# It's been a while since I switched off my S1...



## Dicko (Oct 10, 2005)

and stopped using this forum, so can someone remind me if we're allowed to discuss hacking of Tivos here.

Just wondering if anyone has tried increasing the disk size or improving the functionality yet?

If not here then is it being discussed anywhere?

R.


----------



## TCM2007 (Dec 25, 2006)

It hasn't been discussed in the UK yet.

Putting in bigger disks been done on US boxes running the same software iteration.

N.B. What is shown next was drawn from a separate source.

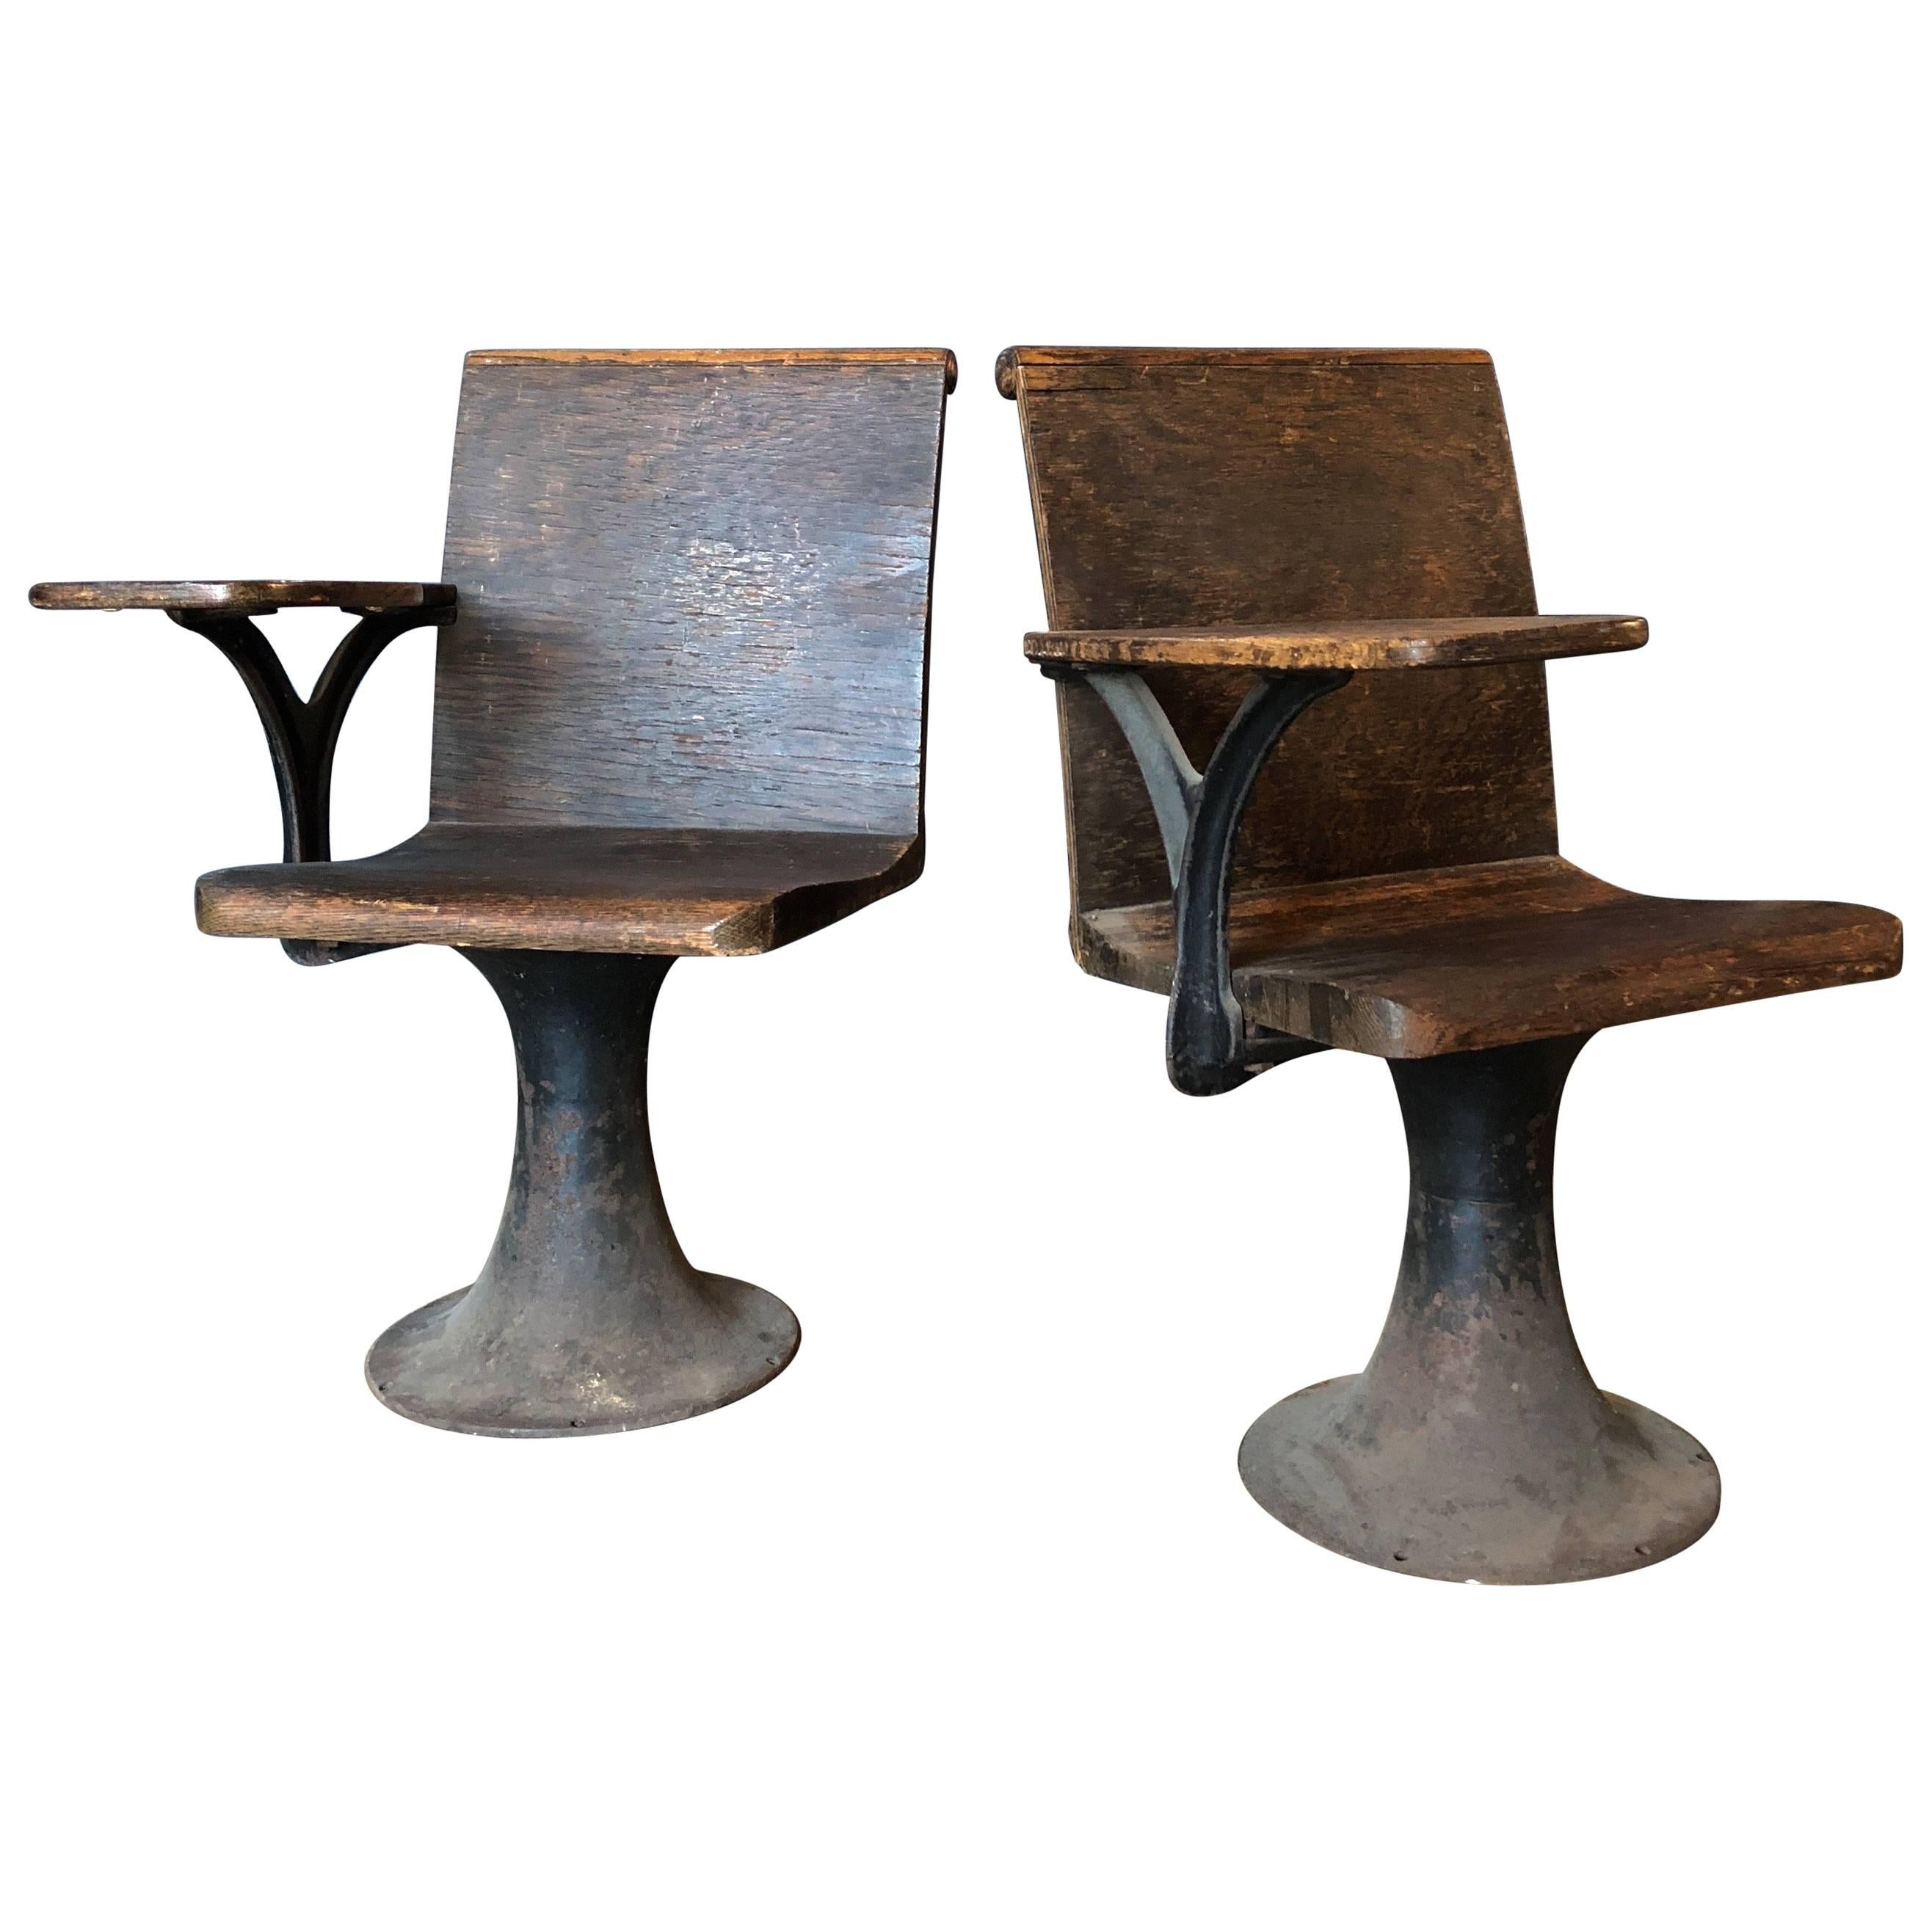 Pair of Vintage Industrial 1920s School Chairs
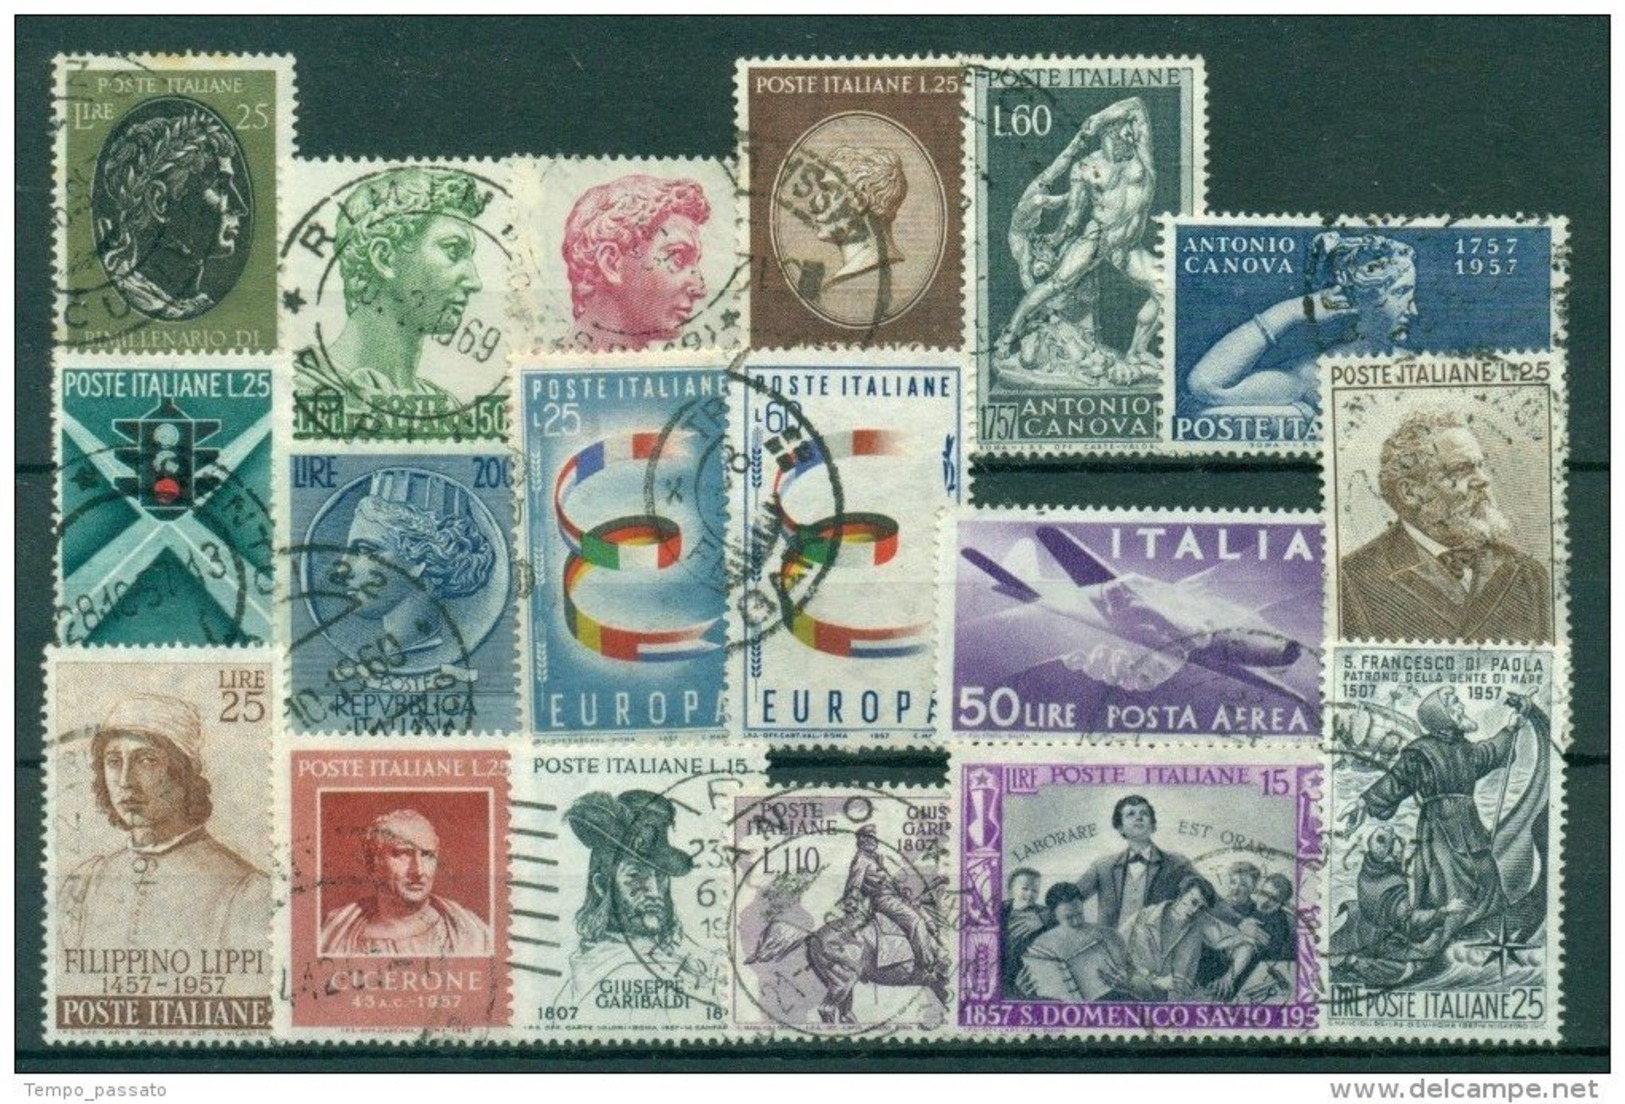 ITALIA REPUBBLICA - 9 ANNATE COMPLETE FRANCOBOLLI USATI DAL 1952 AL 1960 PERFETTI AFFARONE PREZZO PIU' BASSO SUL MERCATO

Hacking however, is heavily locked out and would likely require substantial hardware modification of the soldering iron type. As they are rented boxes, I don't think it would be advisable even if possible!


----------



## cwaring (Feb 12, 2002)

The S1 is now a seperate forum and can be found here and, as far as I know, hacking such as you describe has never not been allowed. The only thing not allowed is discussion of using third-party EPG data; and this is still the case.


----------



## Dicko (Oct 10, 2005)

cwaring said:


> The S1 is now a seperate forum and can be found here and, as far as I know, hacking such as you describe has never not been allowed. The only thing not allowed is discussion of using third-party EPG data; and this is still the case.


In case it wasn't clear, I was referring to enhancing the new Virgin Tivo box. That's why I posted it in this forum!

R.


----------



## cwaring (Feb 12, 2002)

Well you now have both bases covered  You mentioned switching off your S1; you did not specify you had a VM Tivo


----------



## OzSat (Feb 15, 2001)

Two points to note:

1: Hacking of VM/TiVo discussion is NOT allowed.
2: It is not your box to hack.


----------